Create view from multiple tables, combine values from multiple rows into one row

I have 3 tables as below:
Area table:
UserID | Area
---------------
1 | 10001
2 | 10002
3 | 10003
Info table:
UserID | Info
-----------------
1 | U1_Info1
1 | U1_Info2
1 | U1_Info3
2 | U2_Info1
3 | U3_Info1
Company table:
UserID | Company
-----------------
1 | ComA
2 | ComB
3 | ComC
After that, I want group by UserID. My expected result as below:
UserID | Area | Info1 | Info2 | Info3 | Company
----------------------------------------------------------
1 | 10001 | U1_Info1 | U1_Info2 | U1_Info3 | ComA
2 | 10002 | U2_Info1 | | | ComB
3 | 10003 | U3_Info1 | | | ComC
User 3 doesn't have Info2 and Info3 so I set them = ' '.

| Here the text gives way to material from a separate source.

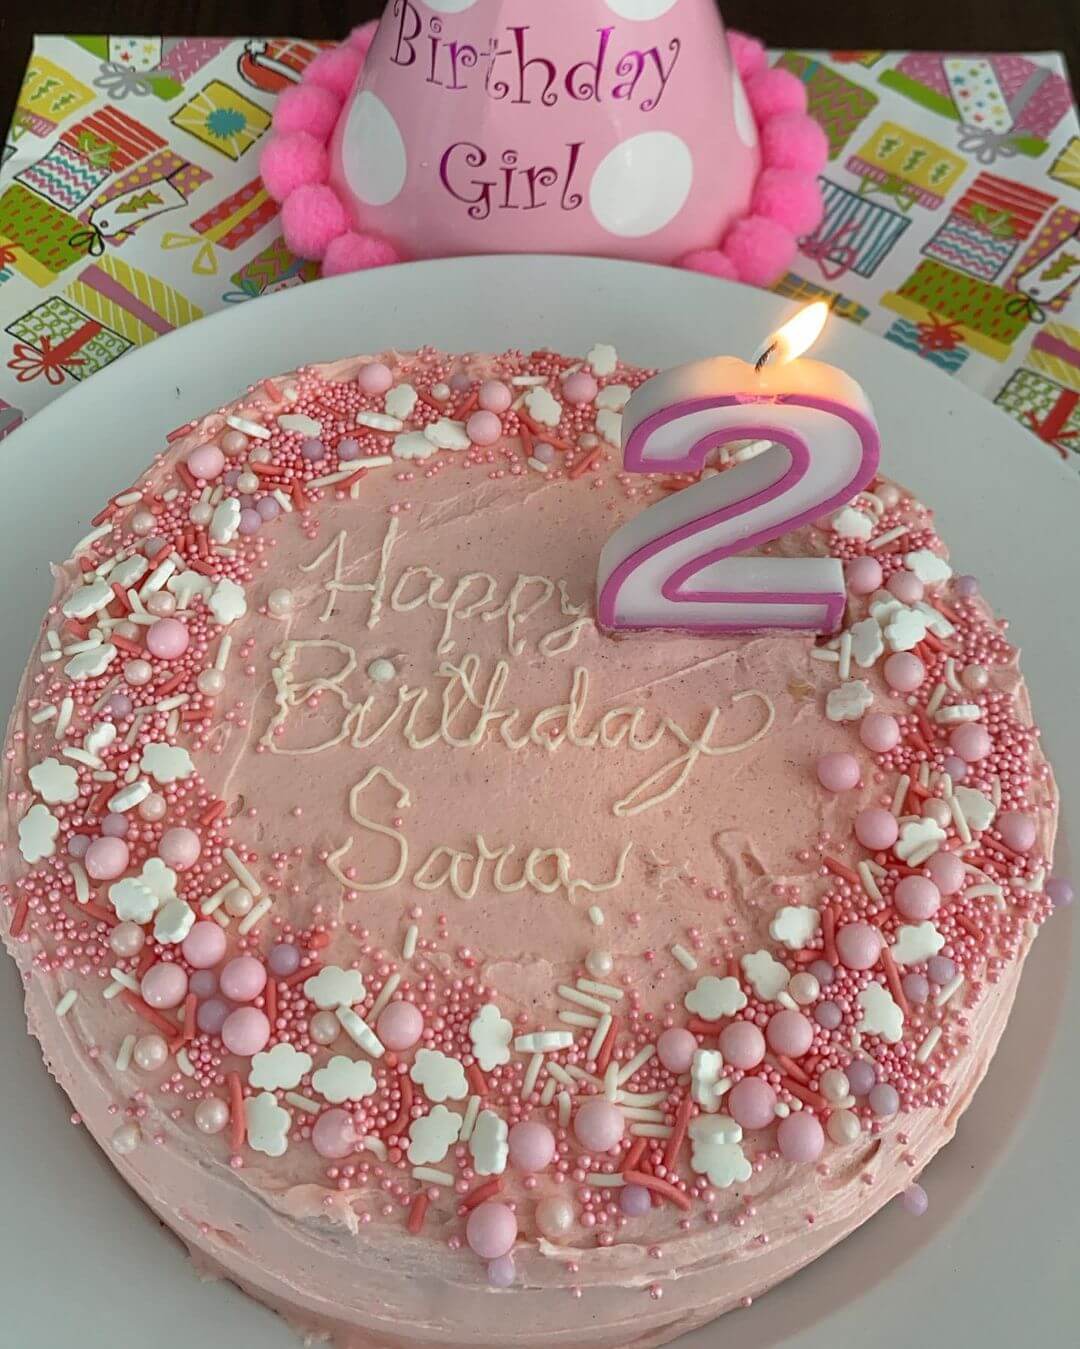 在囡囡生日時，婷婷曾親自製作蛋糕。

Can I make a View like that?
SQL Fiddle
Oracle 11g R2 Schema Setup:
CREATE TABLE Area ( UserID, Area ) AS
SELECT 1, 10001 FROM DUAL
UNION ALL SELECT 2, 10002 FROM DUAL
UNION ALL SELECT 3, 10003 FROM DUAL;
CREATE TABLE Info ( UserID, Info ) AS
SELECT 1, 'U1_Info1' FROM DUAL
UNION ALL SELECT 1, 'U1_Info2' FROM DUAL
UNION ALL SELECT 1, 'U1_Info3' FROM DUAL
UNION ALL SELECT 2, 'U2_Info1' FROM DUAL
UNION ALL SELECT 3, 'U3_Info1' FROM DUAL;
CREATE TABLE Company (UserID, Company ) AS
SELECT 1, 'ComA' FROM DUAL
UNION ALL SELECT 2, 'ComB' FROM DUAL
UNION ALL SELECT 3, 'ComC' FROM DUAL;
CREATE VIEW TEST AS
SELECT A.UserID,
MAX( A.Area ) AS Area,
MAX( CASE WHEN I.Info LIKE '%_Info1' THEN I.Info END ) AS Info1,
MAX( CASE WHEN I.Info LIKE '%_Info2' THEN I.Info END ) AS Info2,
MAX( CASE WHEN I.Info LIKE '%_Info3' THEN I.Info END ) AS Info3,
MAX( C.Company ) AS Company
FROM Area A
INNER JOIN
Company C
ON ( A.UserID = C.UserID )
LEFT OUTER JOIN
Info I
ON ( A.UserID = I.UserID )
GROUP BY
A.UserID
Query 1:
SELECT * FROM test
Results:
| USERID | AREA | INFO1 | INFO2 | INFO3 | COMPANY |
|--------|-------|----------|----------|----------|---------|
| 1 | 10001 | U1_Info1 | U1_Info2 | U1_Info3 | ComA |
| 2 | 10002 | U2_Info1 | (null) | (null) | ComB |
| 3 | 10003 | U3_Info1 | (null) | (null) | ComC |